* [COLLECTED MATERIAL]:
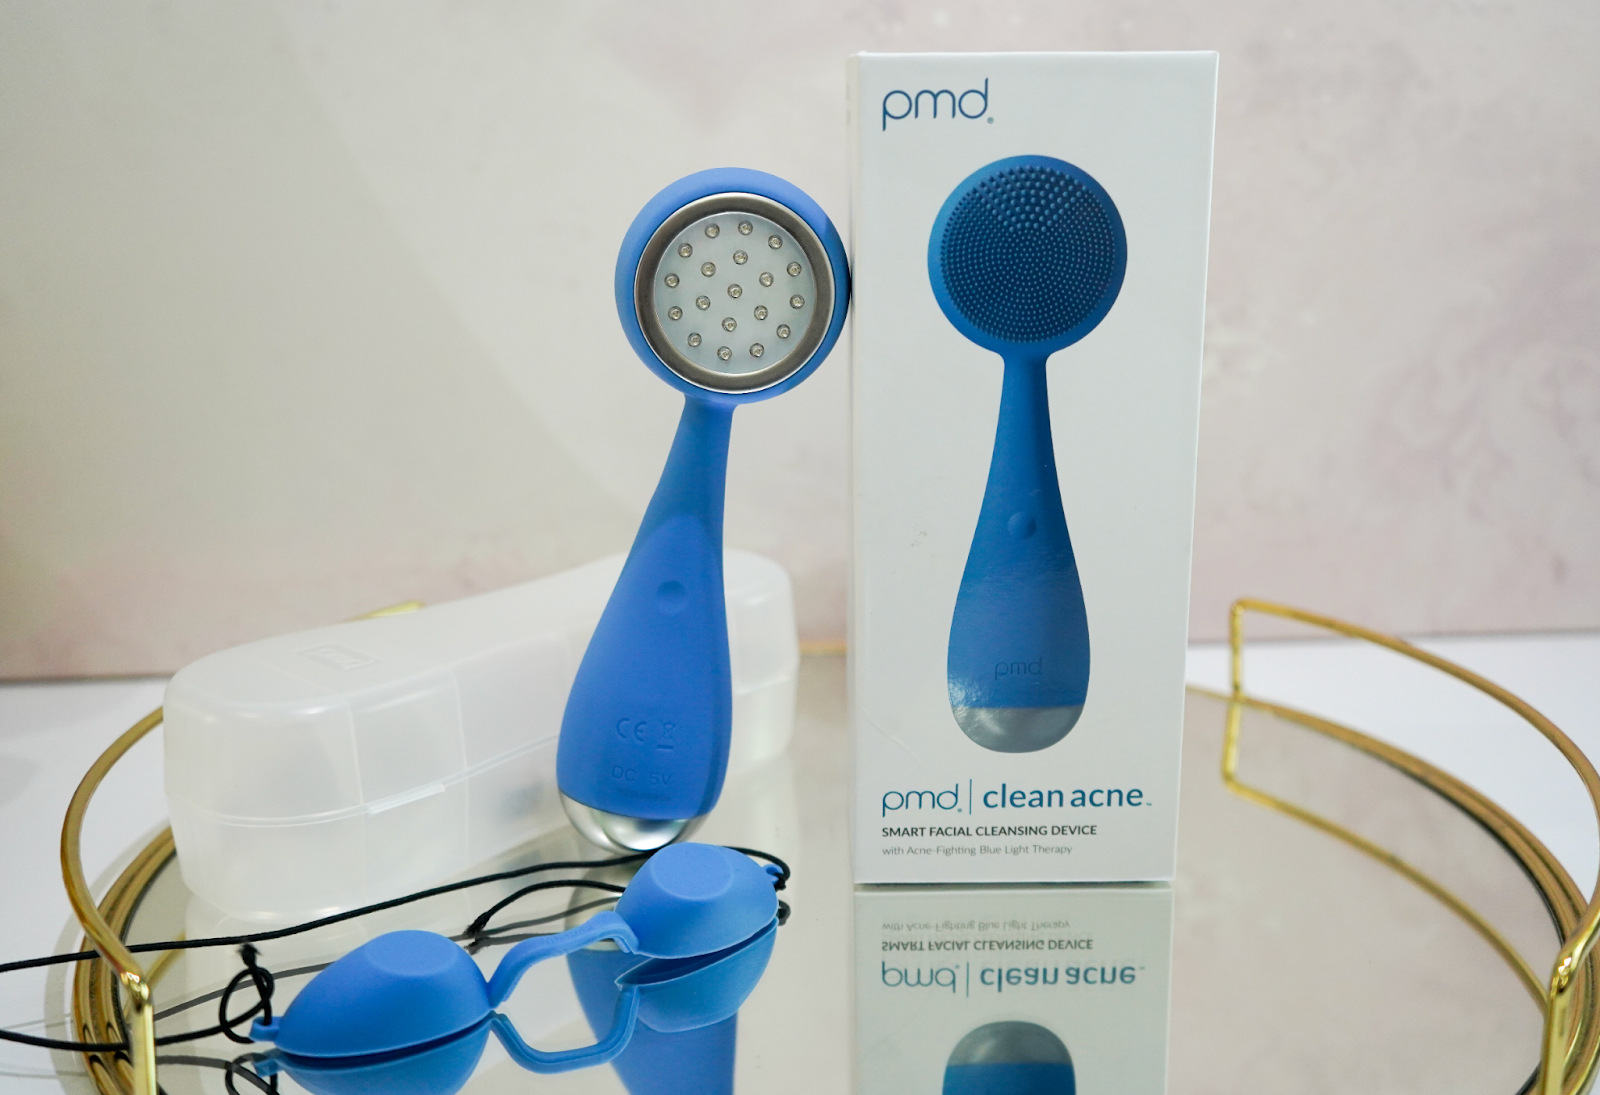 pmd clean acne 
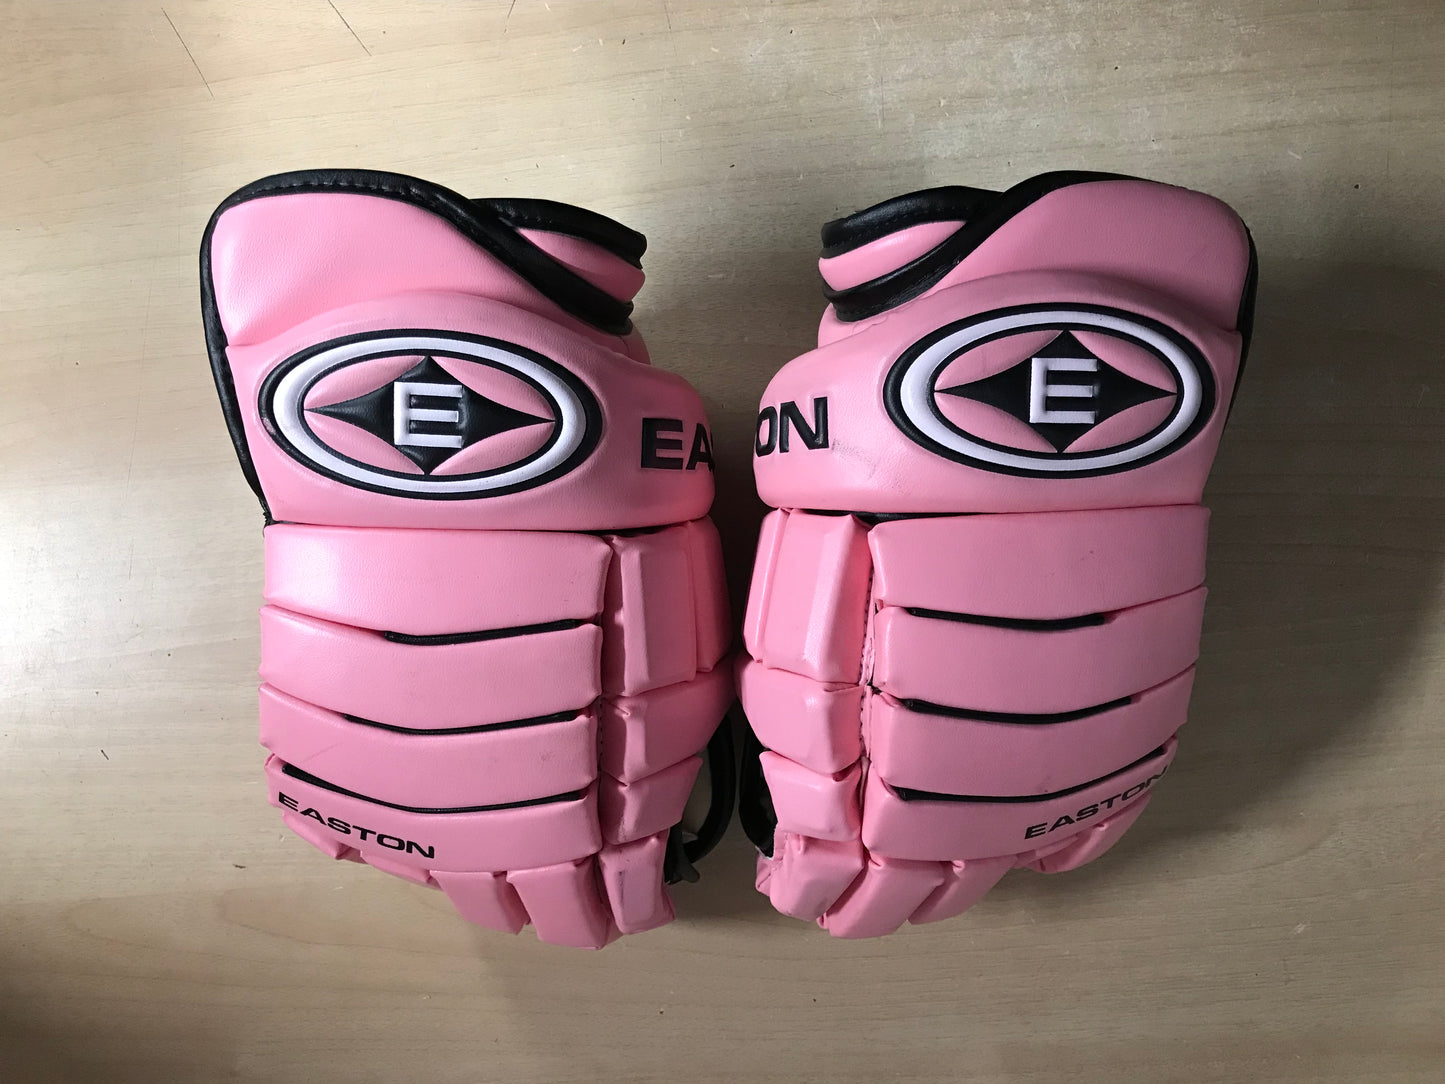 Hockey Gloves Ladies Size 13 inch Easton Pink Excellent
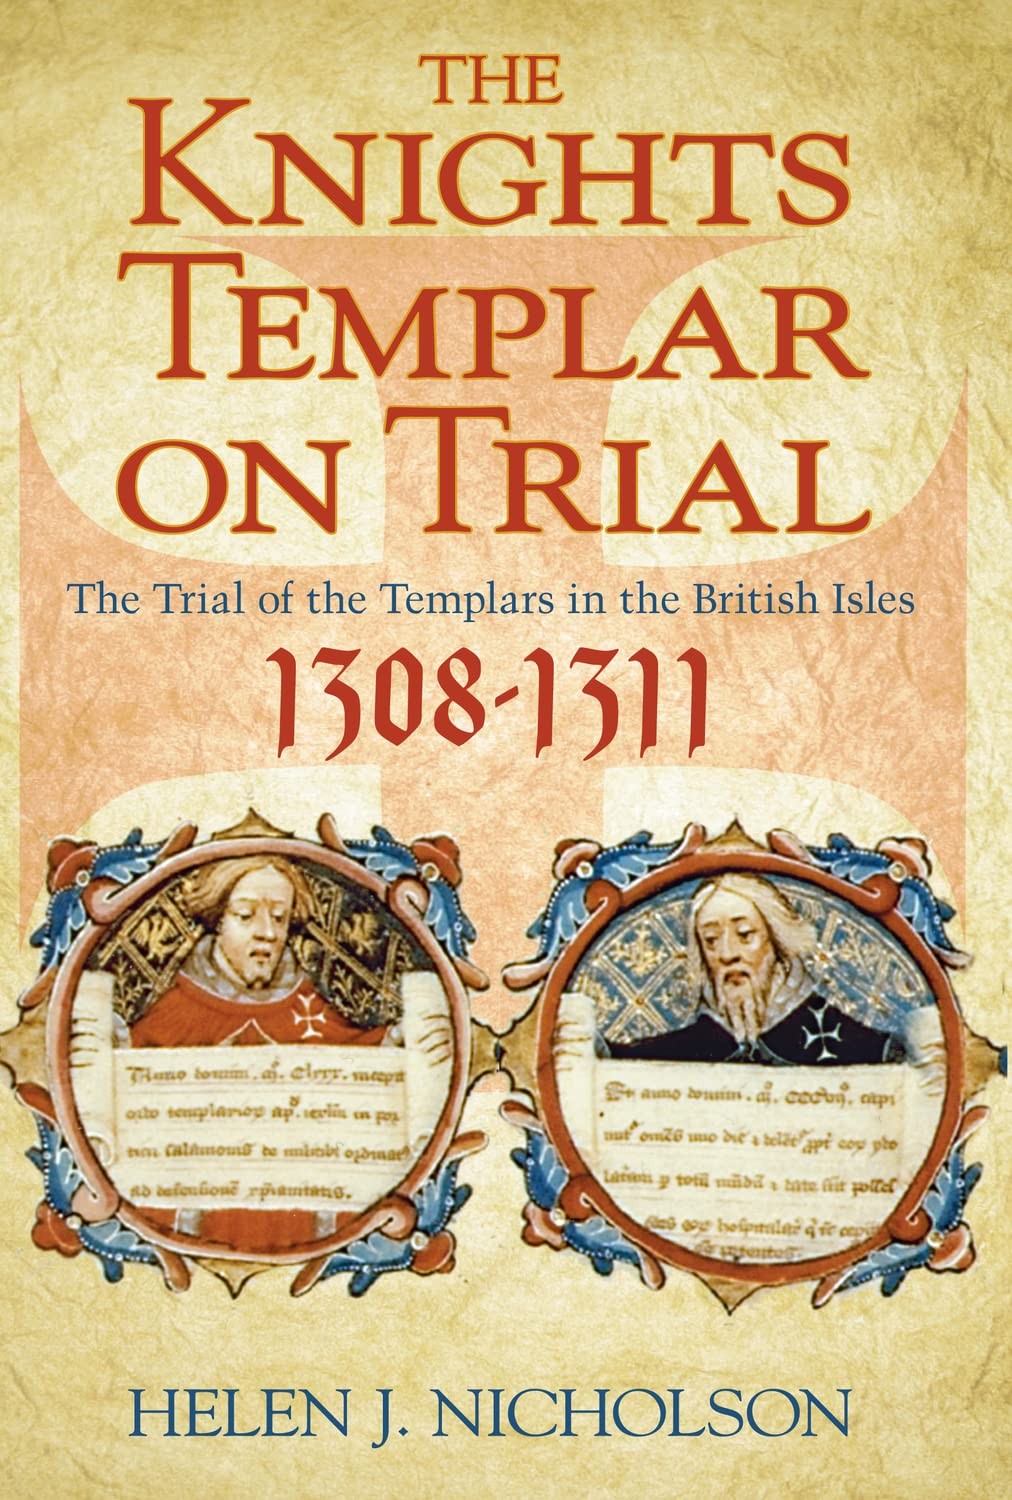 The Knights Templar on Trial: The Trial of the Templars in the British Isles 1308-1311

* [WORK INSTRUCTION]:
Could you output the lines above exactly, with no pictures included?

* [SOLUTION FOR THIS EXERCISE]:
 pmd clean acne 
 Hockey Gloves Ladies Size 13 inch Easton Pink Excellent
 The Knights Templar on Trial: The Trial of the Templars in the British Isles 1308-1311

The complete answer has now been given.